North Korea’s Foreign Ministry on Tuesday aggressively demanded the United States return one of its cargo ships impounded by Washington for carrying shipments banned by United Nations (UN) sanctions.

The ship, called Wise Honest, was seized by the Indonesian government in April 2018 and was towed by the U.S. Coast Guard to a port in the U.S. territory of American Samoa on Saturday after the Treasury Department filed a civil asset forfeiture action on the vessel.

In a Korean-language press statement on Tuesday, a spokesman of North Korea’s Foreign Ministry condemned the U.S. impounding of the ship as a “brazen and illegal act of theft” that violated the fundamental spirit of the June 12 agreement signed by the two countries’ leaders in Singapore.

“The United States should consider the consequences of their thieving actions on future developments and return our ship without delay,” the statement read, adding that the North would be watching Washington’s subsequent moves closely.

Arguing that the “era in which the United States used to move the world according to its will is long past,” the statement added that the seizure of its ship was a blatant violation of international law that testified to Washington’s impudence in subjecting other sovereign countries to its laws.

Claiming that Pyongyang saw the act as an extension of the U.S. “maximum pressure” campaign to bend the North to its will, the statement went on to say that “there is no greater folly than if [the United States] thinks we are one of those countries that acts on the basis of its logic of power.”
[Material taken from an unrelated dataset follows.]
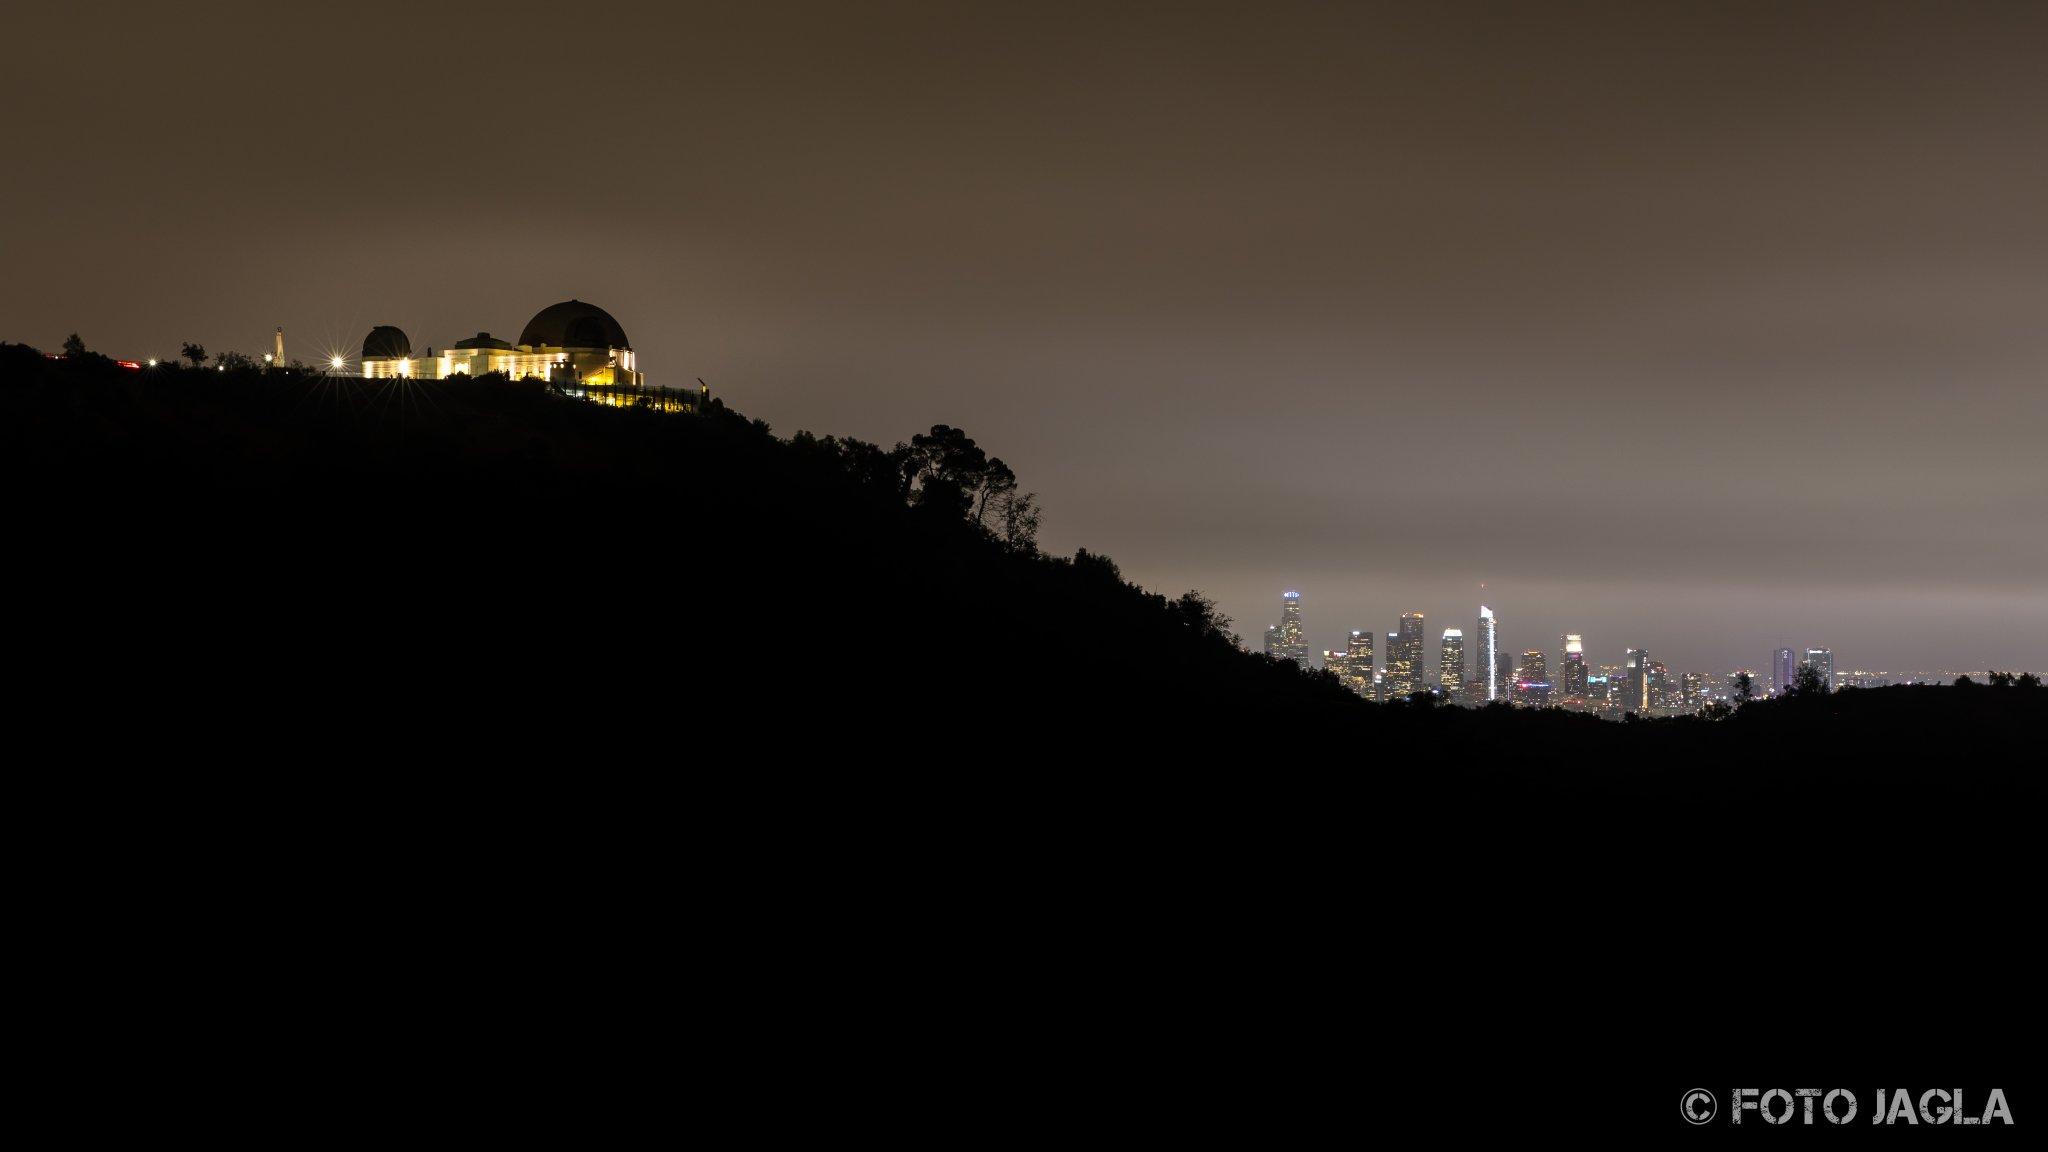 Kalifornien - September 2018 Griffith-Observatorium Los Angeles

Tuesday’s statement by North Korea’s Foreign Ministry is one of the most critical of official messages toward the United States from Pyongyang since the collapse of the second summit between the two countries in Hanoi, Vietnam, last February.
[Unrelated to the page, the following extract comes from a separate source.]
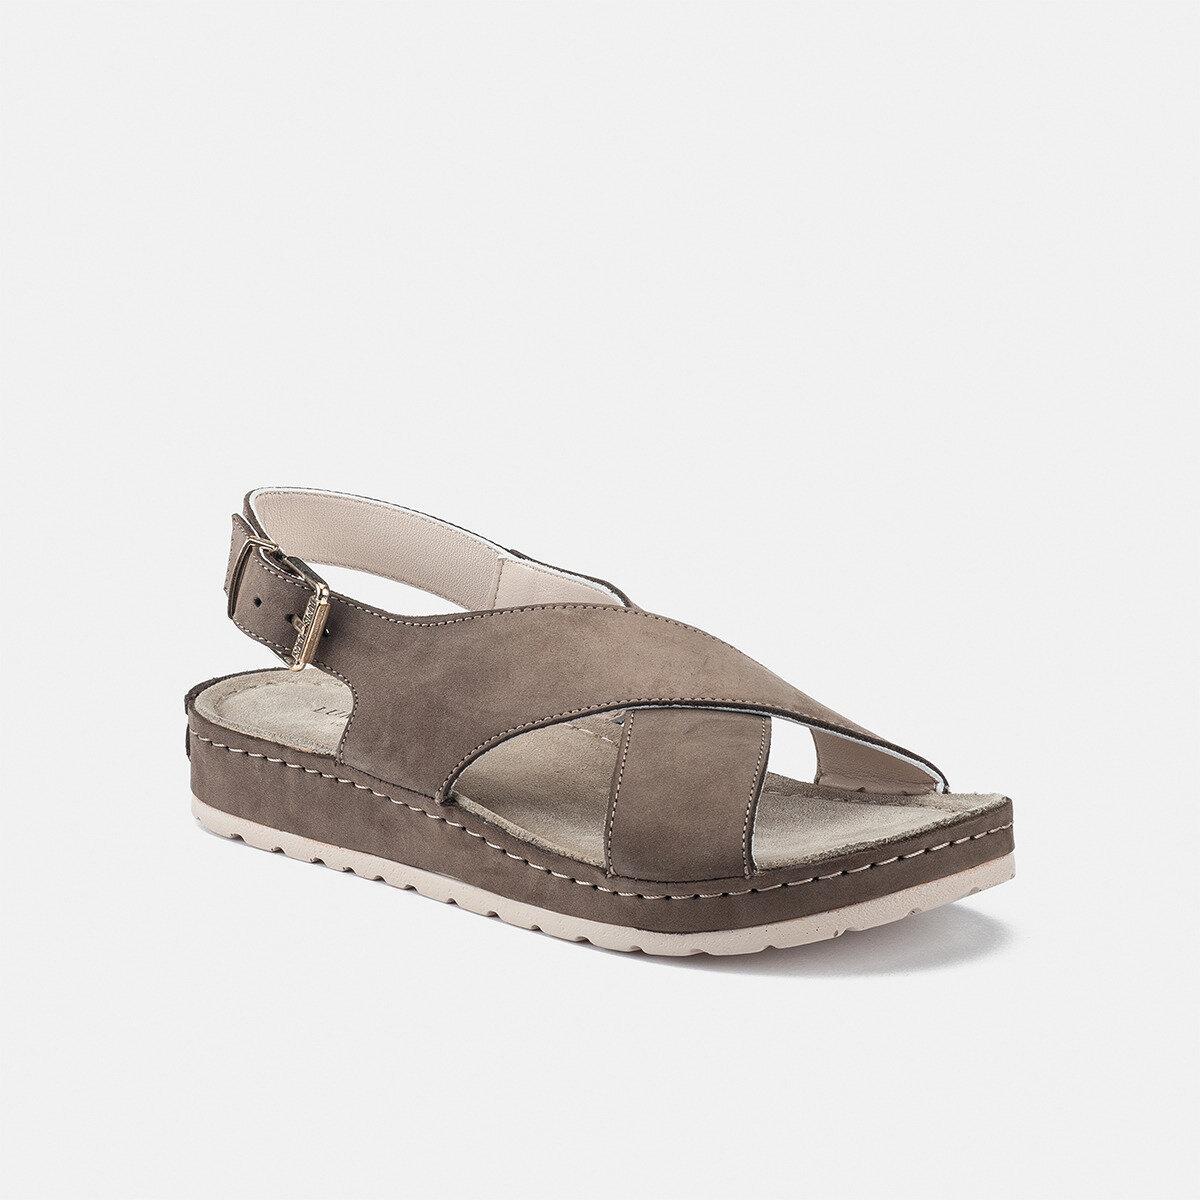 EZA Taupe Woman Sandals

Since then, the North has leveled a variety of attacks on Washington and Seoul through state media, coupled with its recent military provocations in the form of short-range missile launches on May 4 and last Friday.
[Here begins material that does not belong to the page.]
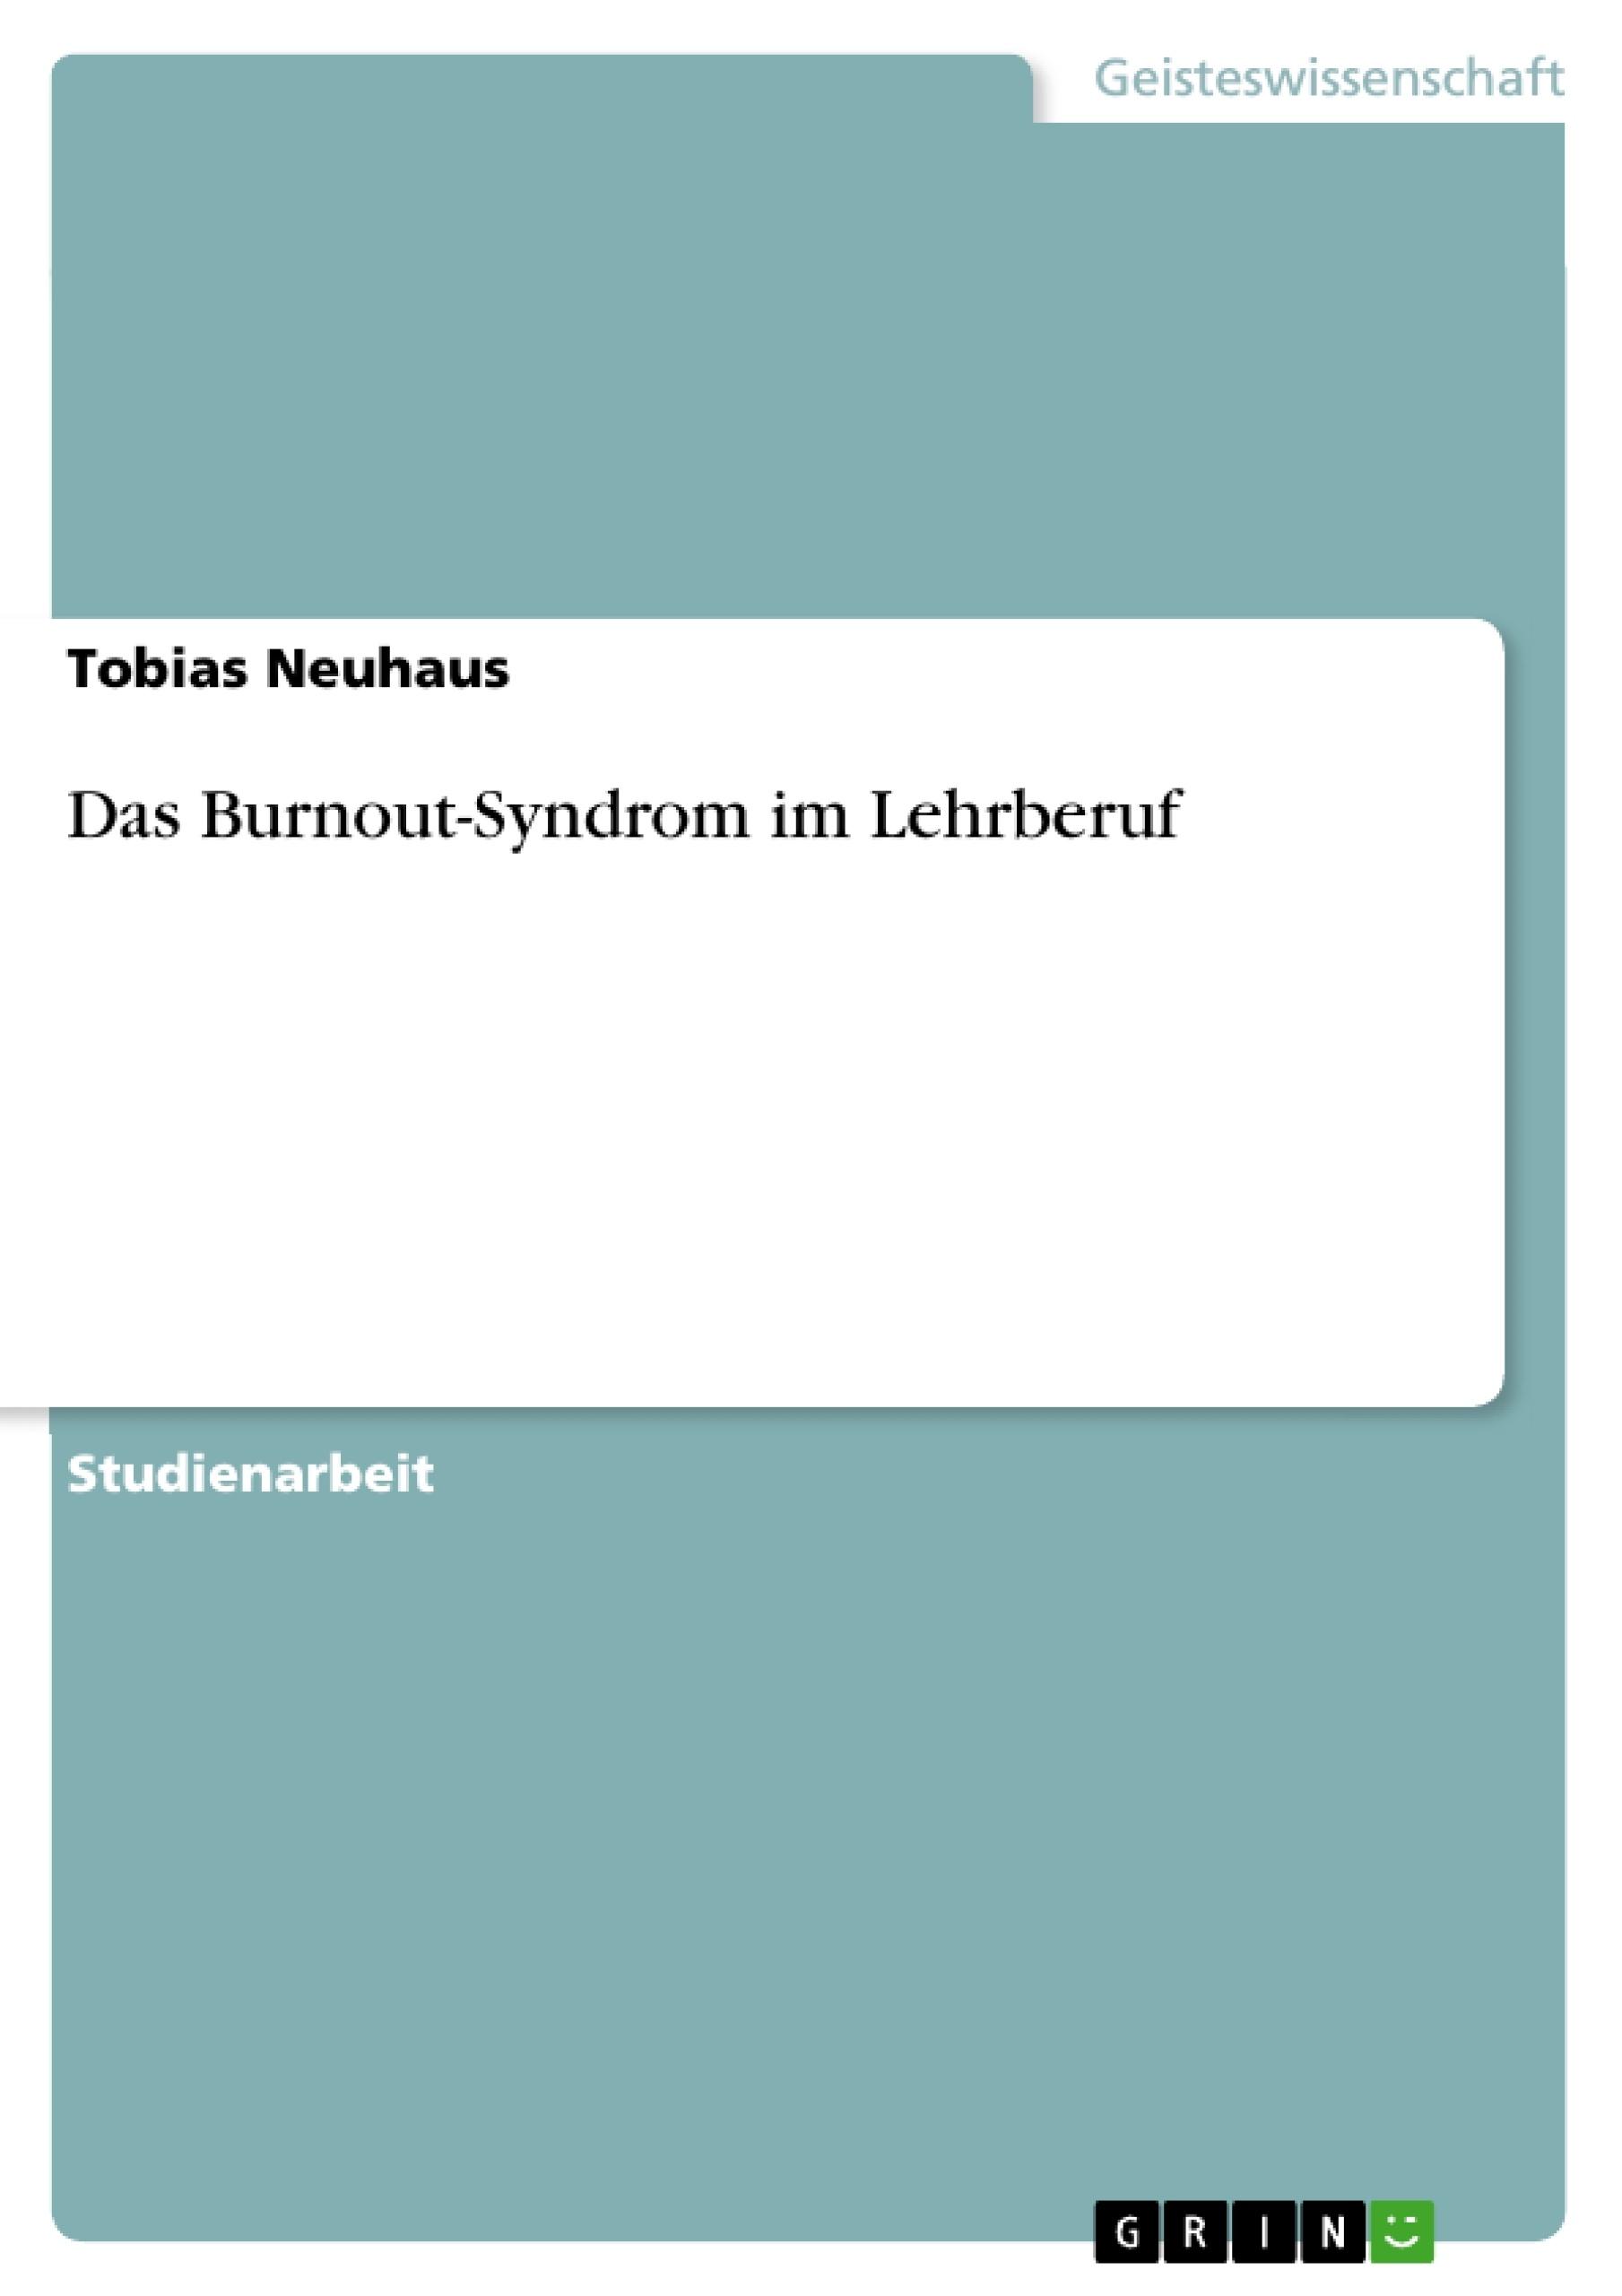 Titel: Das Burnout-Syndrom im Lehrberuf

While the country has threatened consequences unless the vessel is returned, it looks unlikely that the United States will comply to such a demand, as the seizure of the ship - one of the biggest among the North’s cargo fleet - was Washington’s first impounding of a North Korean vessel on the suspicion of violating UN sanctions.

The forfeiture complaint filed by the U.S. Treasury Department on the ship alleged that the Wise Honest was “one of the principal vessels used” in a scheme by the sanctioned Korea Songi General Trading Corporation and one of its main representatives Kwon Chol-nam to export natural resources like coal on behalf of the North Korean government.

According to NK News, a media outlet focusing on North Korea, the vessel was carrying a coal shipment worth around $2.99 million when it was detained by Indonesia.

UN Security Council Resolution 2371, adopted in response to the North’s two intercontinental ballistic missile (ICBM) tests in July 2017, bans the export of materials like coal, iron, lead and seafood by the North.

Resolution 2397 from December 2017 requires member states to seize and impound ships found smuggling banned items to and from North Korea.

The Treasury Department complaint also said that the Wise Honest, as well as a number of other involved vessels, were also used to bring back large shipments of heavy machinery into North Korea in exchange for the coal.